Let us check that the total counts of the outcomes are correct. We can do it as we know that on Peter’s dice
we can get `4^9`

outcomes and on Colin’s dice `6^6`

:

```
julia> sum(values(ex_p)), 4^9
(262144, 262144)
julia> sum(values(ex_c)), 6^6
(46656, 46656)
```

Indeed the results match.

Using distributions stored in `ex_p`

and `ex_c`

variables we can count the number of times Peter wins with Collin
using the Cartesian product of the distributions (the tosses of the dice are independent) and, in consequence compute the
exact probability that Peter wins:

```
julia> p_win = sum(pk > ck ? pv*cv : 0 for
(pk, pv) in pairs(ex_p),
(ck, cv) in pairs(ex_c))
7009890480
julia> total = 4^9 * 6^6
12230590464
julia> p_win / total
0.5731440767829801
julia> p_win // total
48679795//84934656
```

Note that in Julia we can nicely compute both approximate solution (using `Float64`

) and exact solution using rational numbers.

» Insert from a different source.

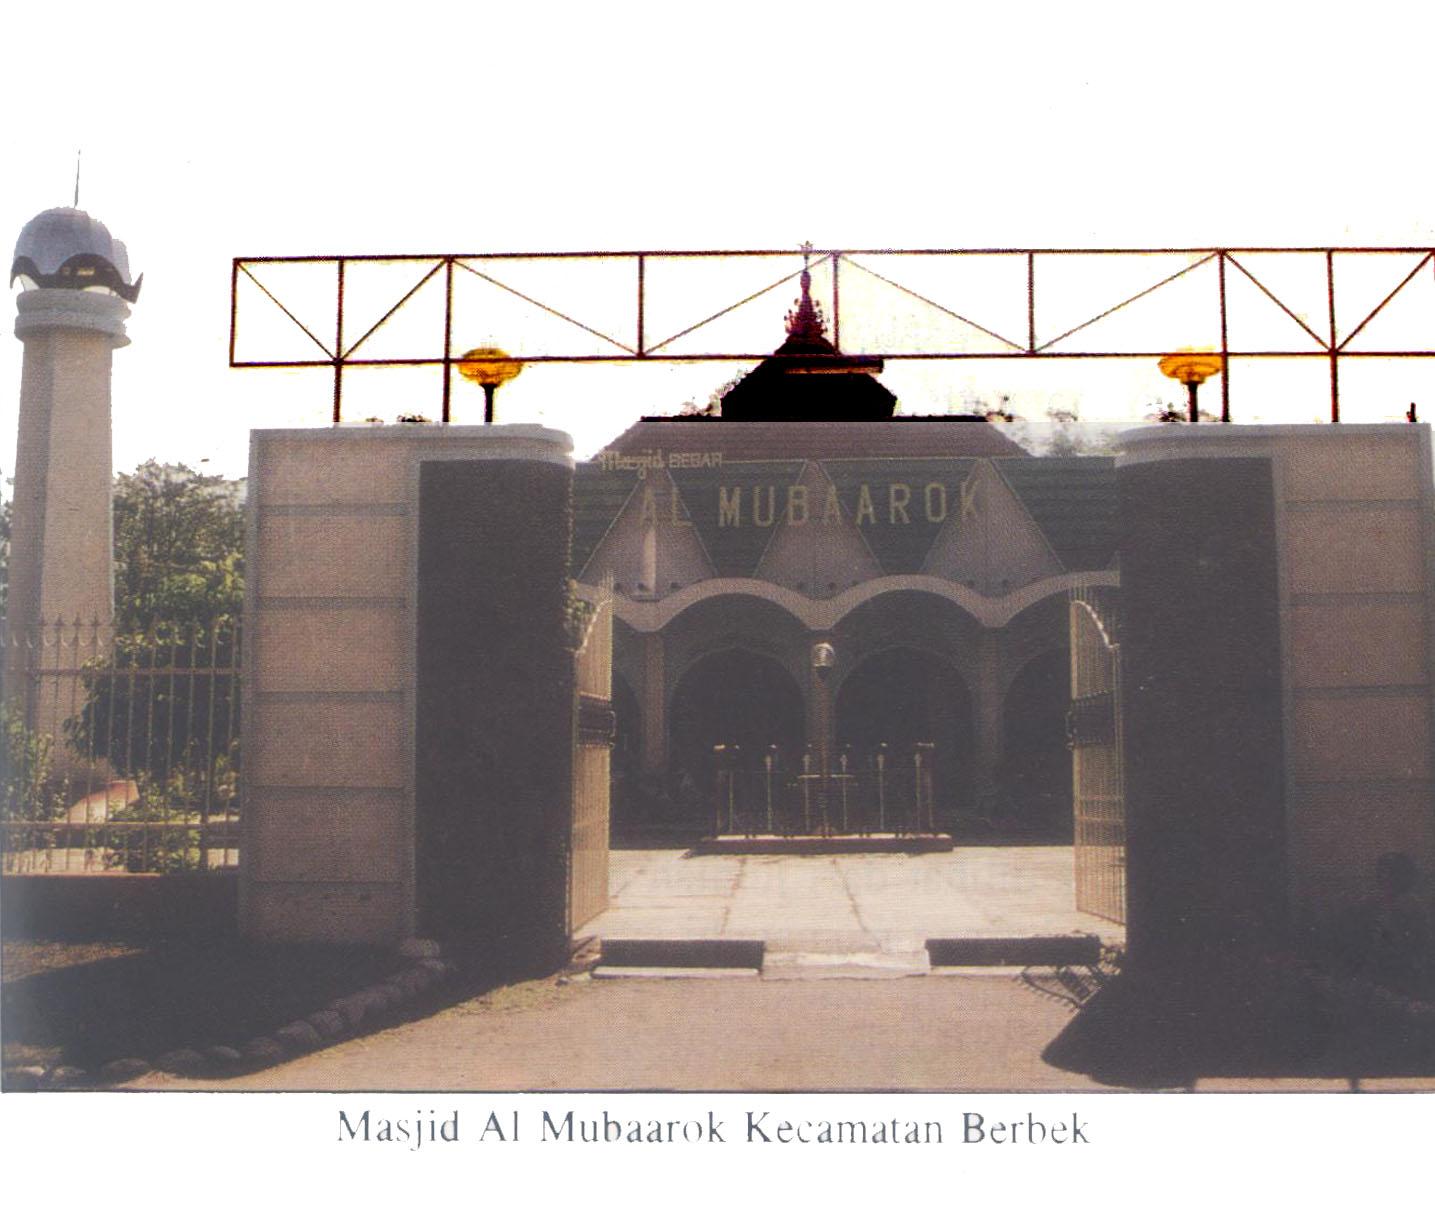 Masjid Al Mubaarok Kabupaten Nganjuk Pusaka Jawatimuran Kebun Teh Jamus

One important aspect that we should have checked when solving this puzzle is if we do not have an integer overflow issue when computing the result. On 64-bit machine the overflow happens for the value:

```
julia> typemax(Int)
9223372036854775807
```

which is much larger than `12230590464`

. But how can we be sure that we do not get an overflow when computing `4^9 * 6^6`

?
The easiest check is to take the logarithms of both expressions:

```
julia> log(typemax(Int))
43.66827237527655
julia> 9 * log(4) + 6 * log(6)
23.227206065447348
```

Indeed we see that we have a wide safety margin.

Note, however, that on 32-bit machine Julia would use `Int32`

type to represent integers by default, and hen we have:

```
julia> typemax(Int32)
2147483647
julia> log(typemax(Int32))
21.487562596892644
```

And in this case we would have an integer overflow issue, so some care is needed.

# Conclusions

I hope you enjoyed the puzzle, the solution, and the code examples I have presented!